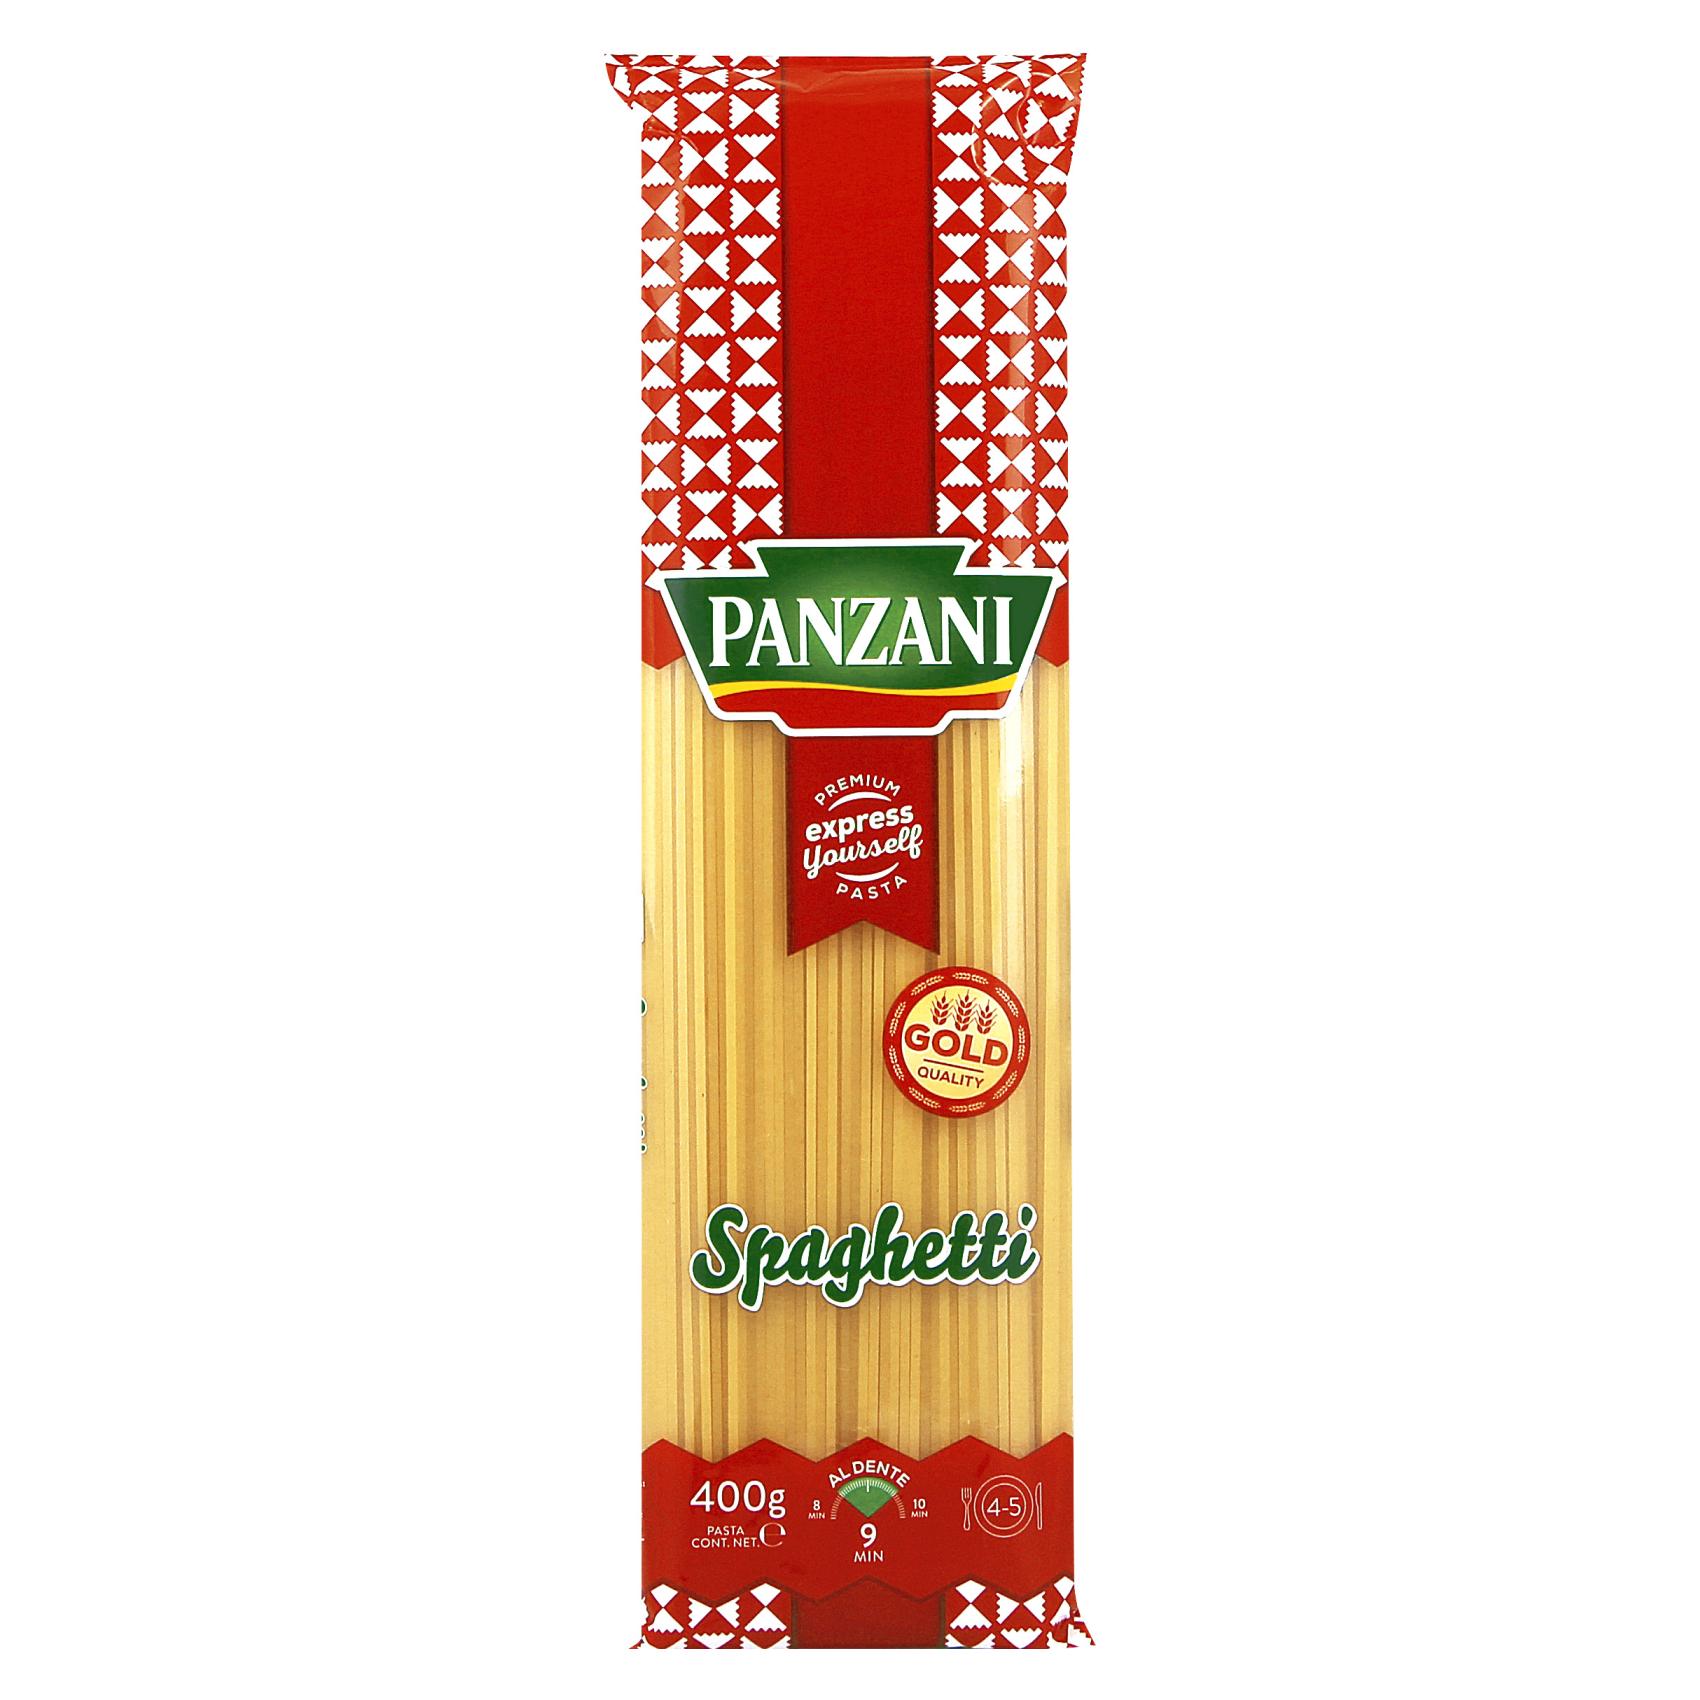 Panzani Spaghetti 400g
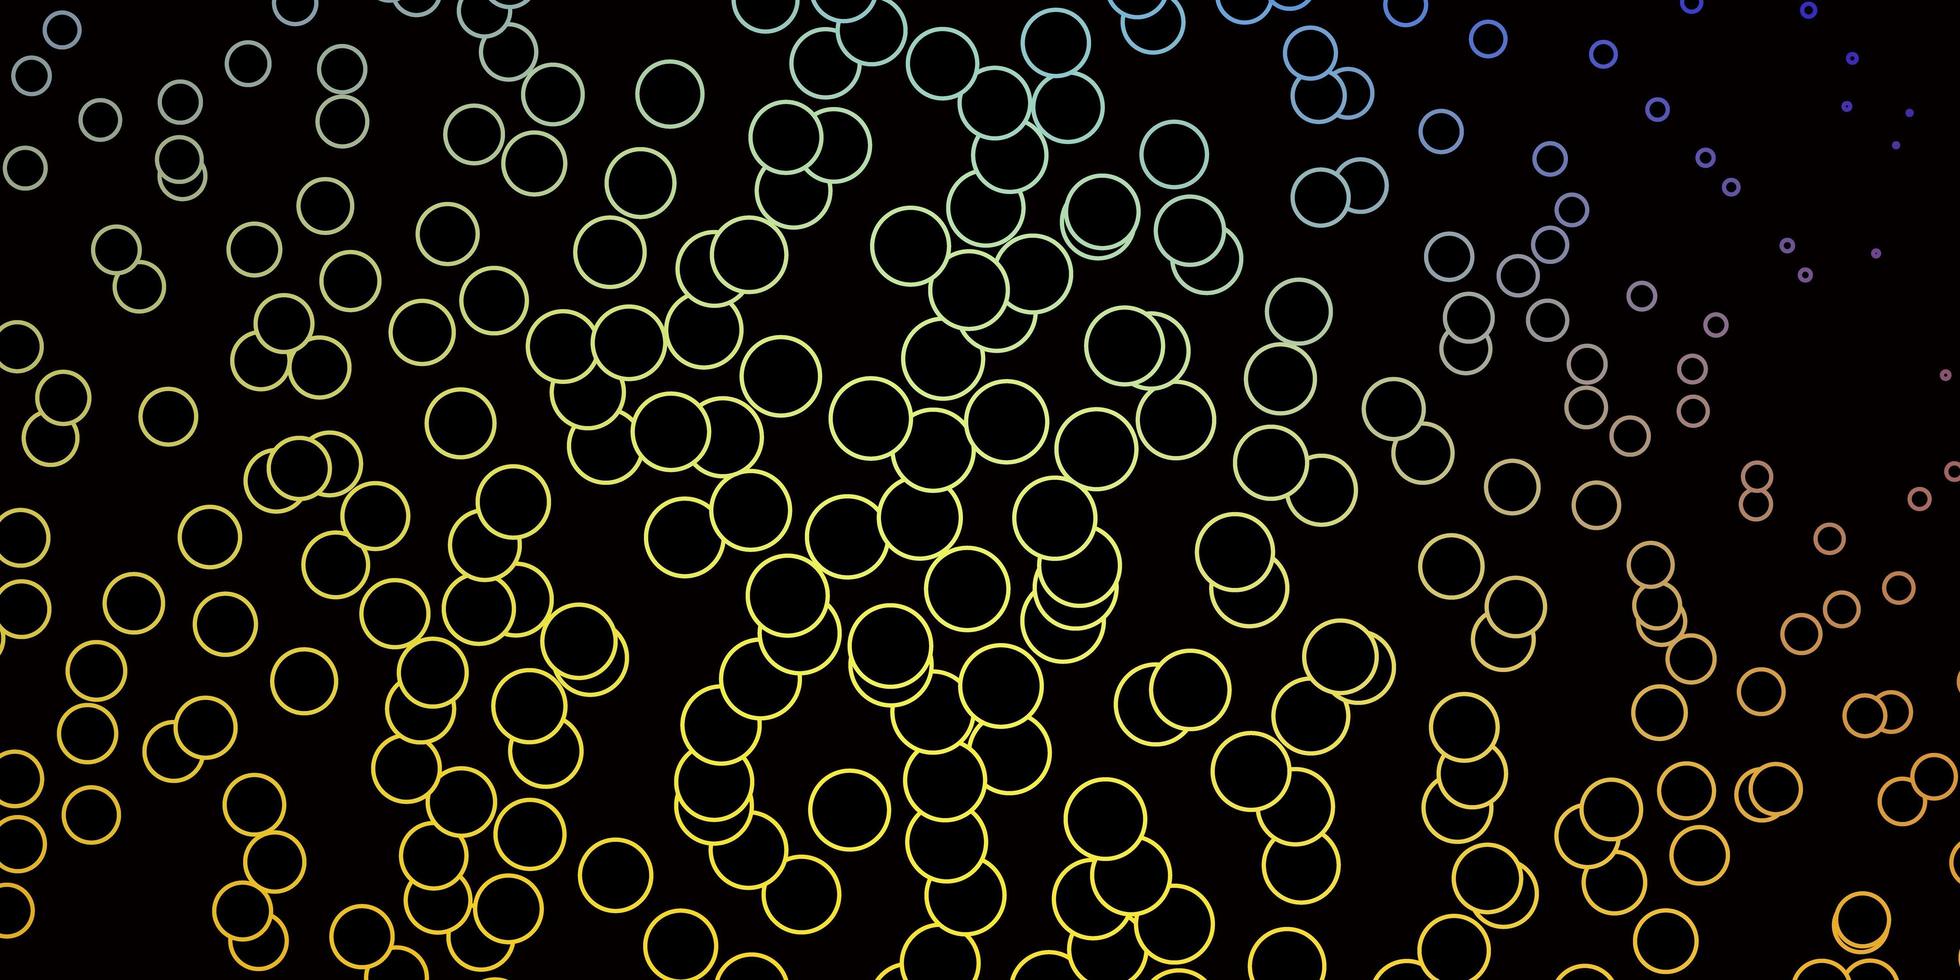 sfondo vettoriale giallo blu scuro con cerchi illustrazione astratta moderna con forme circolari colorate design per i tuoi annunci pubblicitari
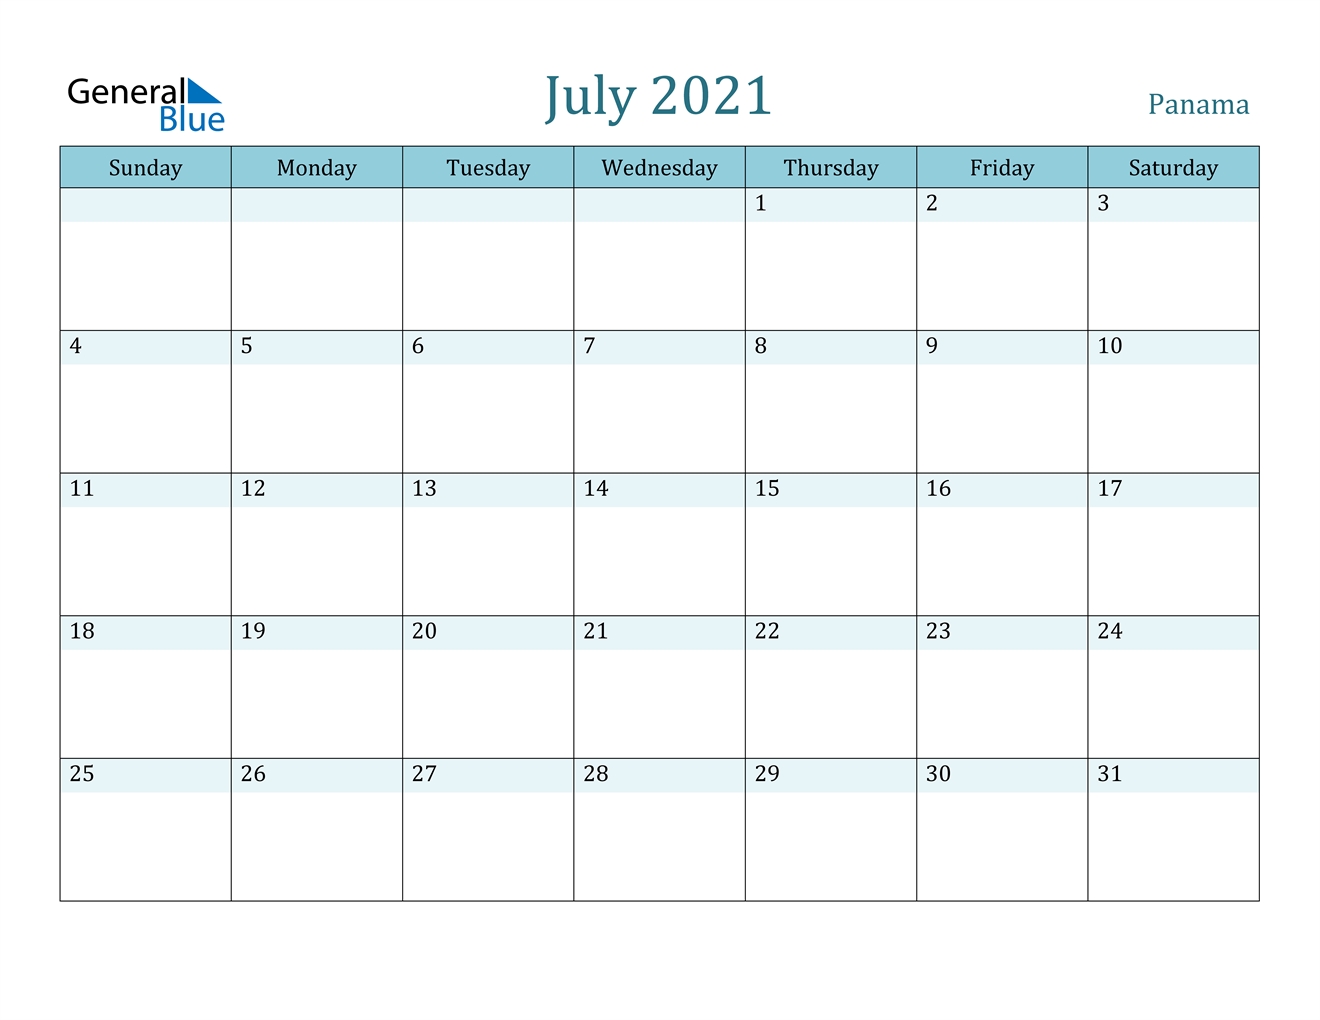 July 2021 Calendar - Panama
--------------------
> **TASK INSTRUCTIONS**: The answer must be the exact lines from the line with "sfondo vettoriale giallo" to the final line of the data, both ends included, with no pictures.

> **SOLVED PROBLEM**:
 sfondo vettoriale giallo blu scuro con cerchi illustrazione astratta moderna con forme circolari colorate design per i tuoi annunci pubblicitari
 July 2021 Calendar - Panama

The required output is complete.